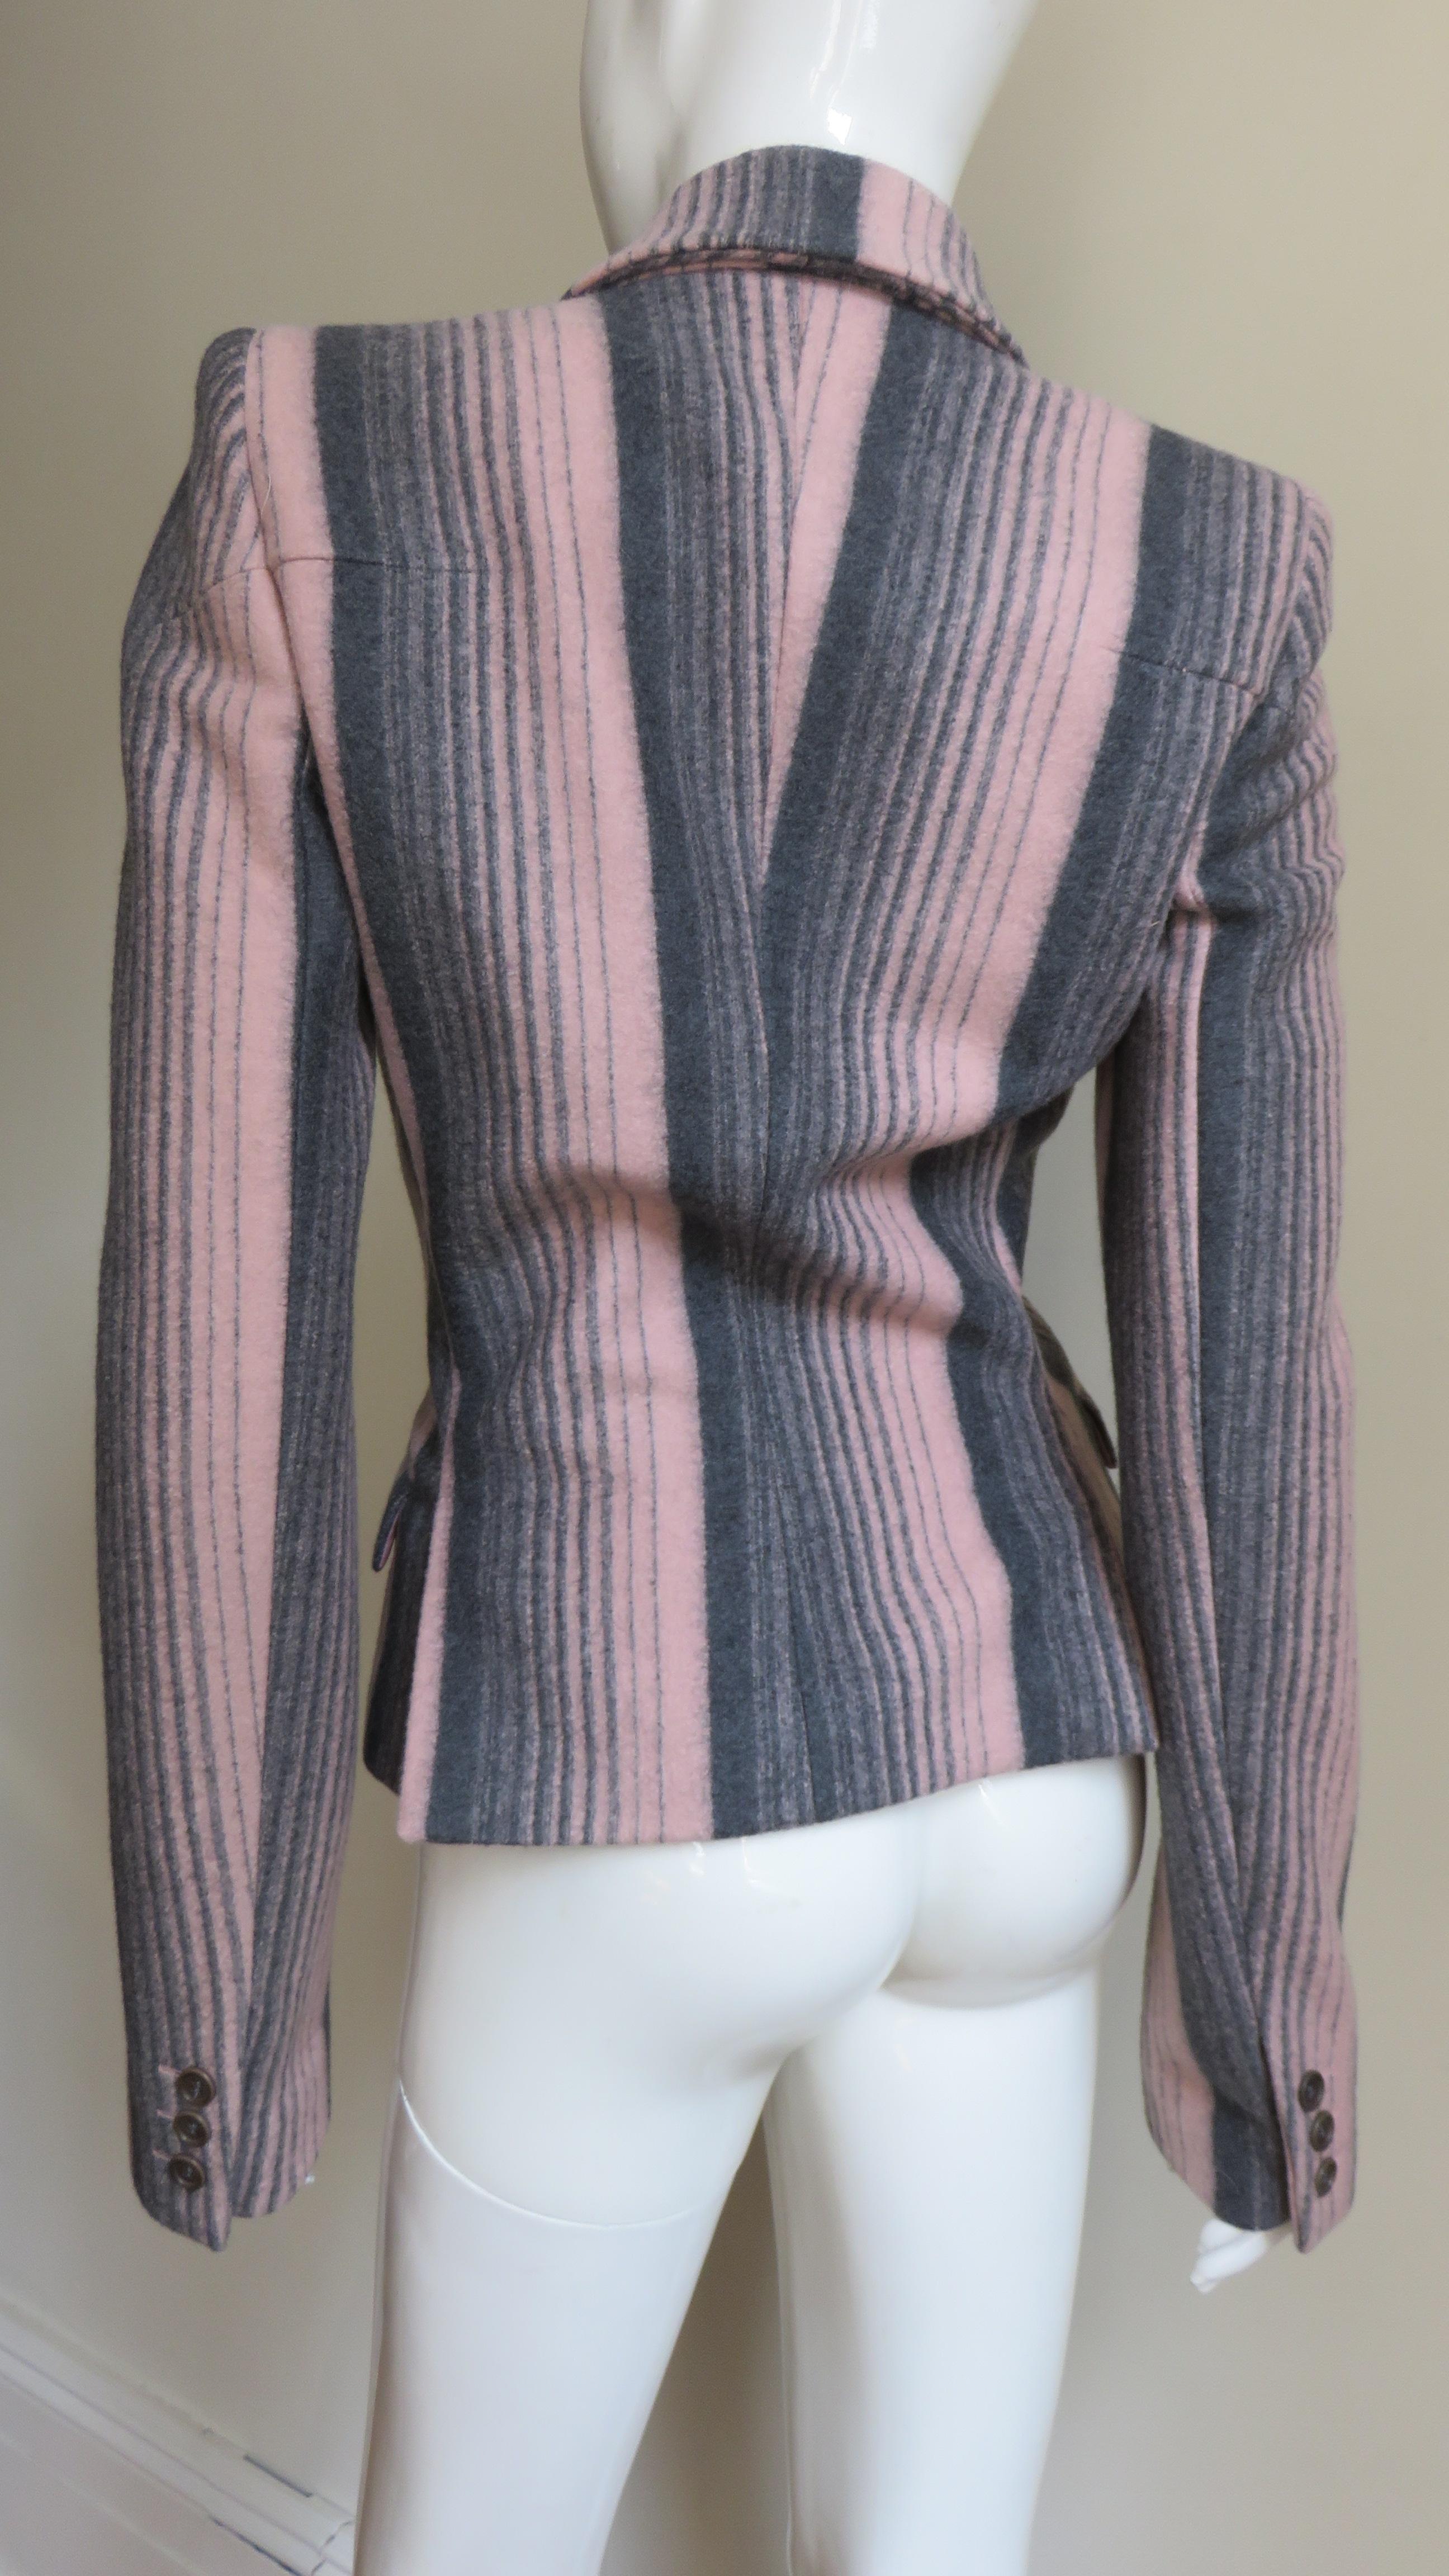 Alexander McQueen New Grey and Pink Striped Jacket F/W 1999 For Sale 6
::::::::
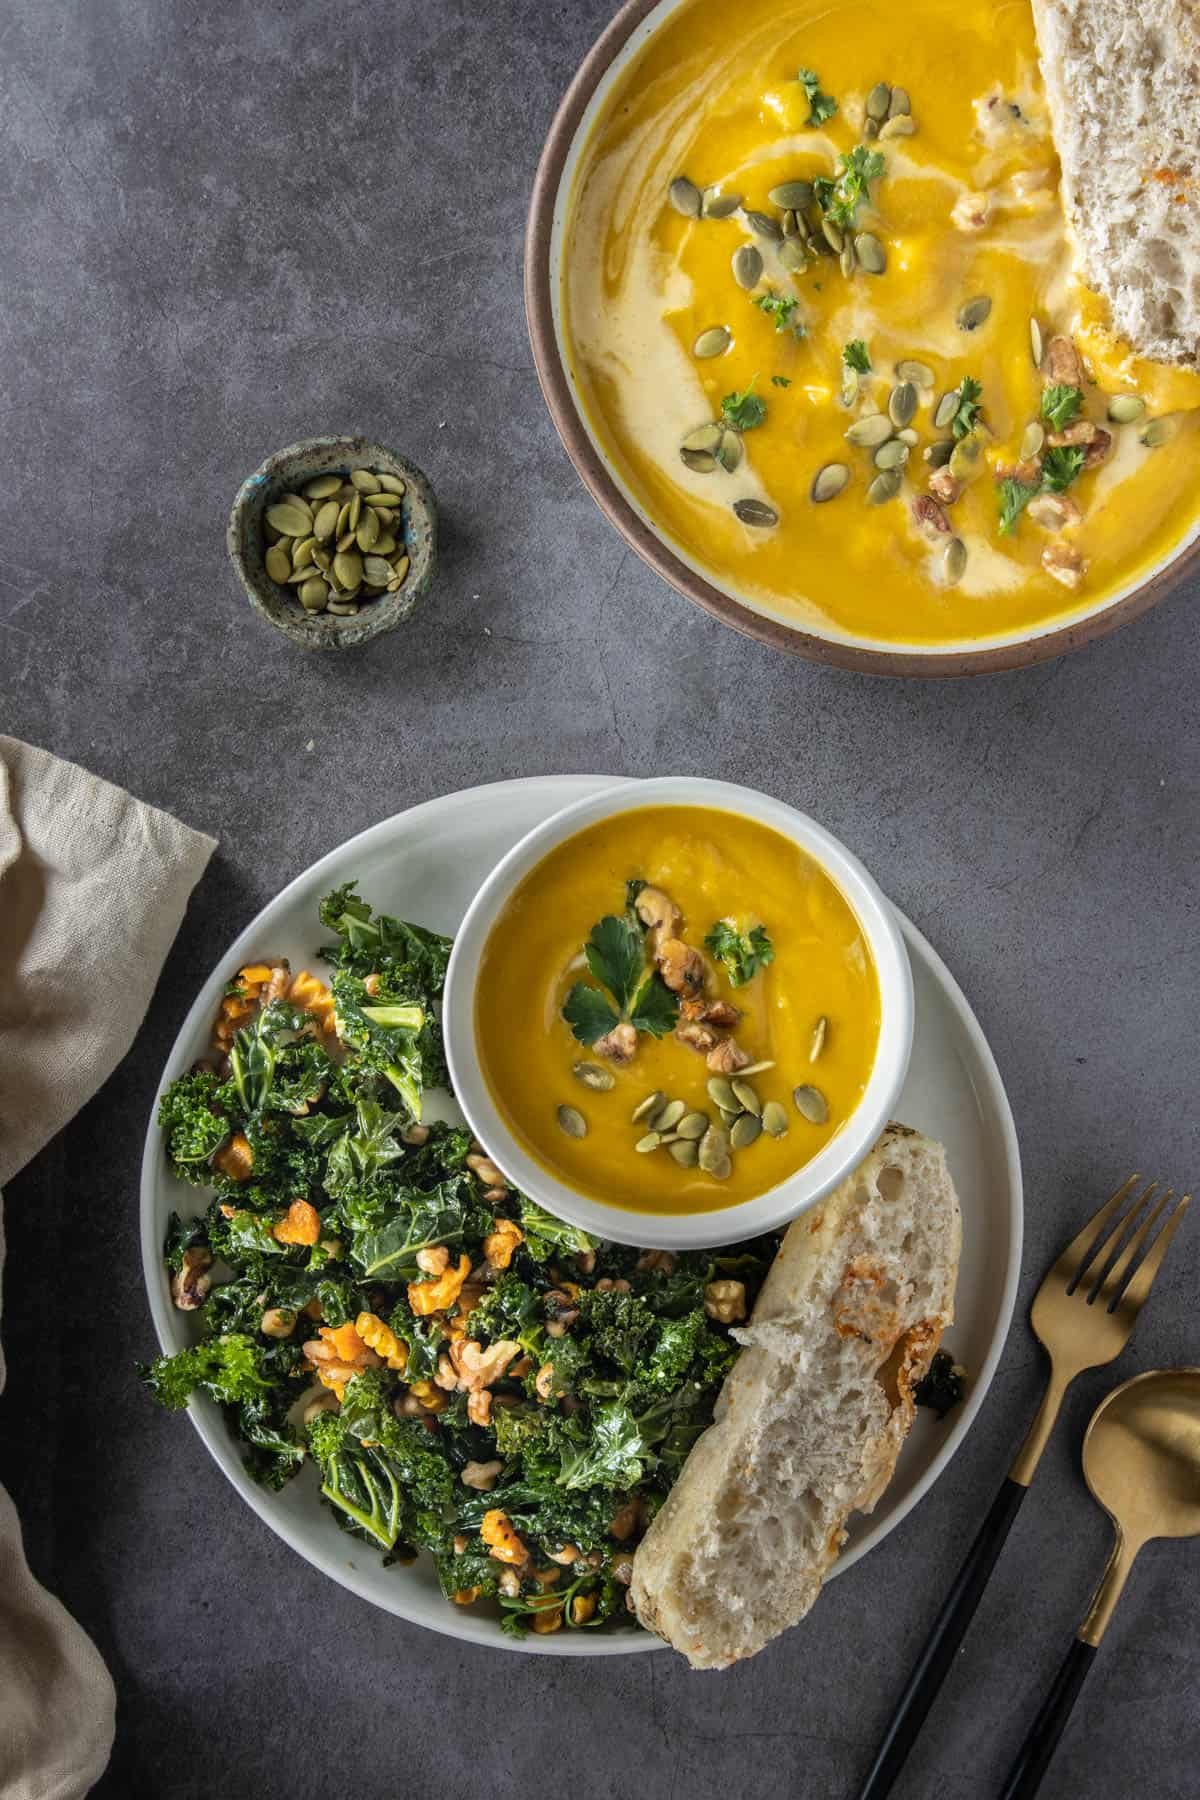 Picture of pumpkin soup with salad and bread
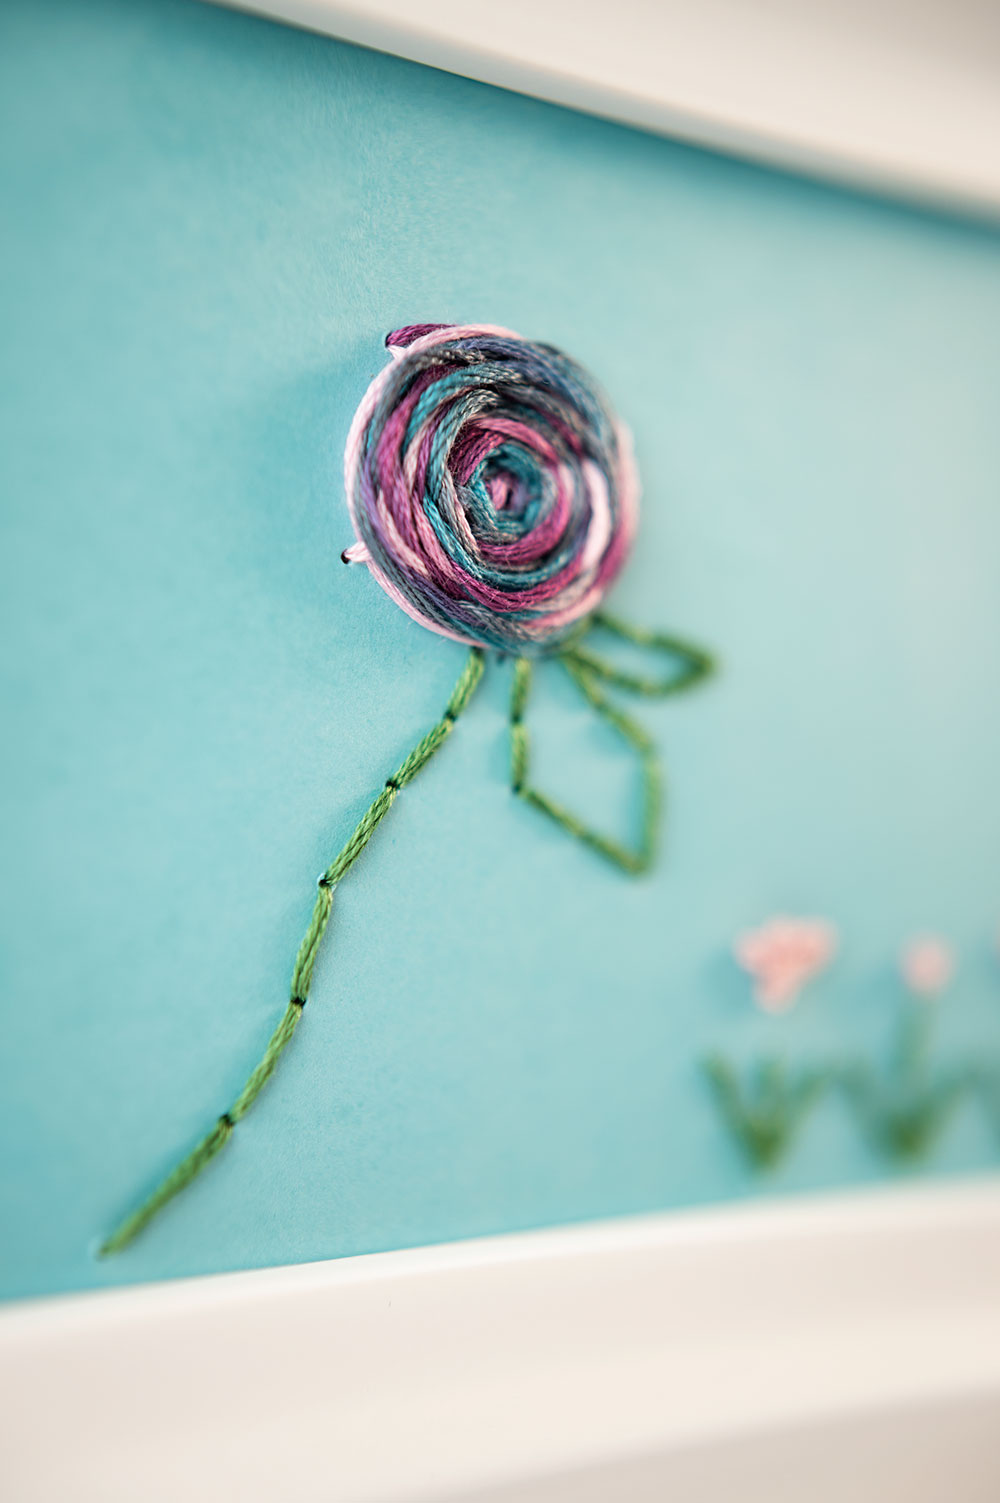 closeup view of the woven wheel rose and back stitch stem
::::::::
> [YOUR TASK]: In the listing above, find the line with "Picture of pumpkin soup with salad and bread" and the line with "closeup view of". Set down exactly those lines and everything between them, skipping pictures.

> [TASK RESPONSE]:
 Picture of pumpkin soup with salad and bread
 closeup view of the woven wheel rose and back stitch stem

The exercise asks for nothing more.